I’ve got to get this blushing under control.

“I’m sorry if I offended you.”

“Aw, you didn’t offend me,” he smiled, finding her rosy cheeks irresistible, “I’m used to it by now—I just feel bad that my job makes people feel uncomfortable.”

“It’s the air of authority—that and the way you scan the room taking in every detail.”


It was his turn to blush. “I guess that comes with the territory, although, to tell the truth, I love antiques and couldn’t help noticing you have some really unique pieces of furniture—like that Governor Winthrop desk, for instance.” He pointed to a mahogany veneer, slant-top writing desk in the corner.

“I’m impressed,” she smiled and she really was. It wasn’t every day that she met someone who shared her passion for antiques.

I might have to amend my first impression of this guy.


His eyes were gleaming. “I love going to auctions. I used to drive out to Elora every Saturday in search of bargains, but that was before I joined the force.”

“I guess you work a lot of shifts, huh?”

“It’s complicated. I work a 35 day cycle during which I get 14 days off—usually in bunches of five or six days at a stretch.”


She shook her head. “It does seem complicated. I’ll bet it’s not all day work either.”

“Nope. I’ll work a week of ten-hour evening shifts and then be off for a week.”

“How does Star respond to the shifts?”

He laughed. “Star’s a workaholic—he loves the job—just hates waiting around.”

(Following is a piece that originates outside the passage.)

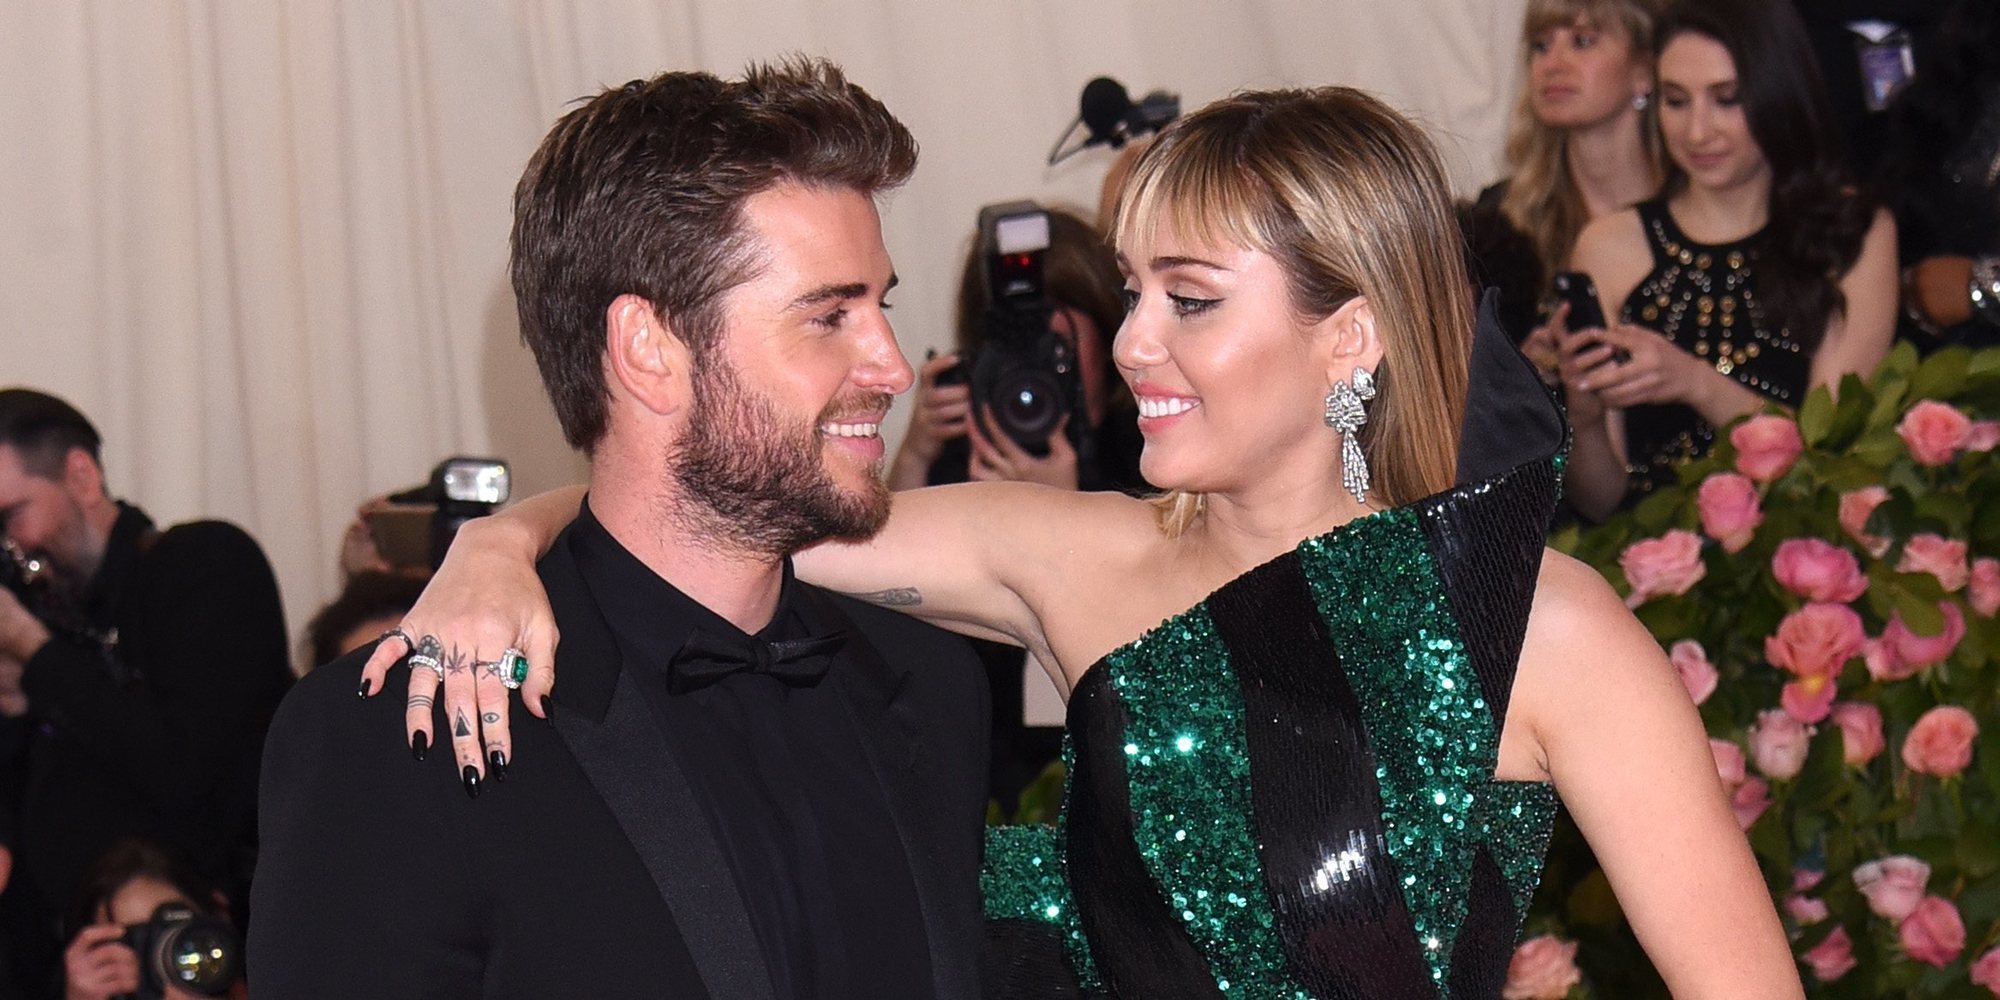 Miley Cyrus explica un año después los verdaderos motivos de su divorcio con Liam Hemsworth

She reached down and rubbed Star’s ears. “What do you do when you’re not on a call—sip coffee and eat donuts?”

He snorted. “I wish—Naw, when we don’t have an assignment, I pull over speeders and reckless drivers. Actually, Star sniffed out some drugs in a speeder’s car last August and we made the biggest bust of the year. The guy’s trunk was crammed with garbage bags full of hash and marijuana. We both got an award for that.”

“Wow, Star! You’re an Animal hero First Class.”

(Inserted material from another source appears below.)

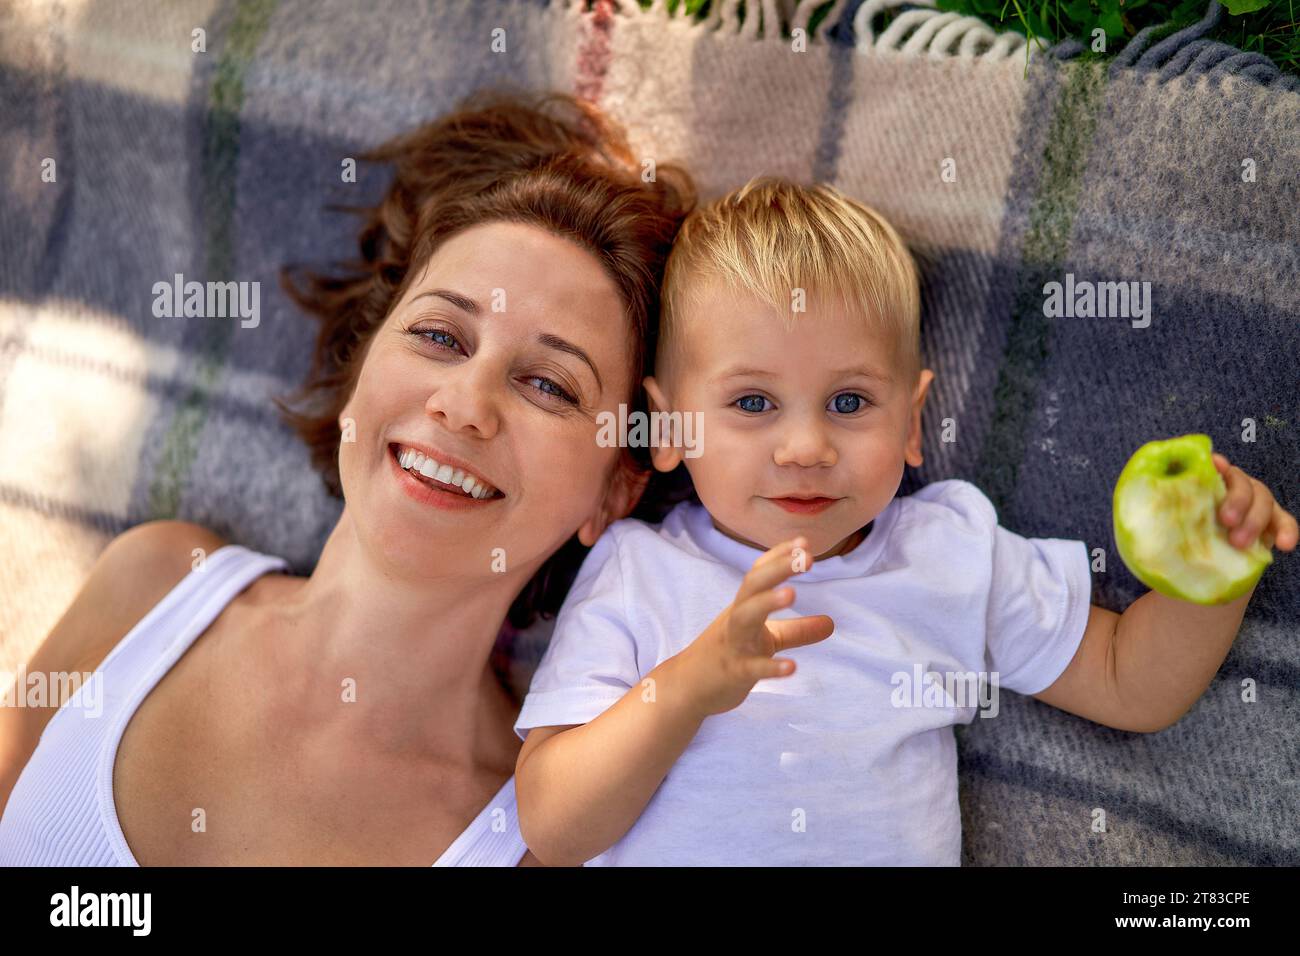 Eine junge europäische Mutter mit ihrem niedlichen kleinen Sohn, der auf dem Bett liegt, kariert und in die Kamera lächelt, von oben. Ein Kind hat einen gebissenen grünen Apfel in der Hand. Das Konzept der Erziehung und des gemeinsamen Zeitverhaltens in der Natur. Das Glück der Mutterschaft, Blick von oben Stockfoto

“Yeah, well I don’t think that’s what Orwell had in mind when he penned that.”


She raised her eyebrows. “You’ve read Animal Farm?”

“Of course. It’s required reading at the Academy.”

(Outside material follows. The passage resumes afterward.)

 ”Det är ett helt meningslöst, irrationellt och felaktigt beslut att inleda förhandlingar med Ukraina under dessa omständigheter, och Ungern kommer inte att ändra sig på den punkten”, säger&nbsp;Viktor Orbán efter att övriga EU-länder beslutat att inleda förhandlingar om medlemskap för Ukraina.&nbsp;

In response to her puzzled expression, he burst out laughing. “Just kidding. I read Orwell on my own—wanted to know why people called us pigs.”

“Are you putting me on again?”

He flushed. “Sort of…Okay, to tell the truth, I read it in university.”


“Yep. I’m an artsy—got an undergrad degree in literature.”

Hailey’s mental picture of Brad underwent a major revision.

A cop with a degree in literature—Who knew?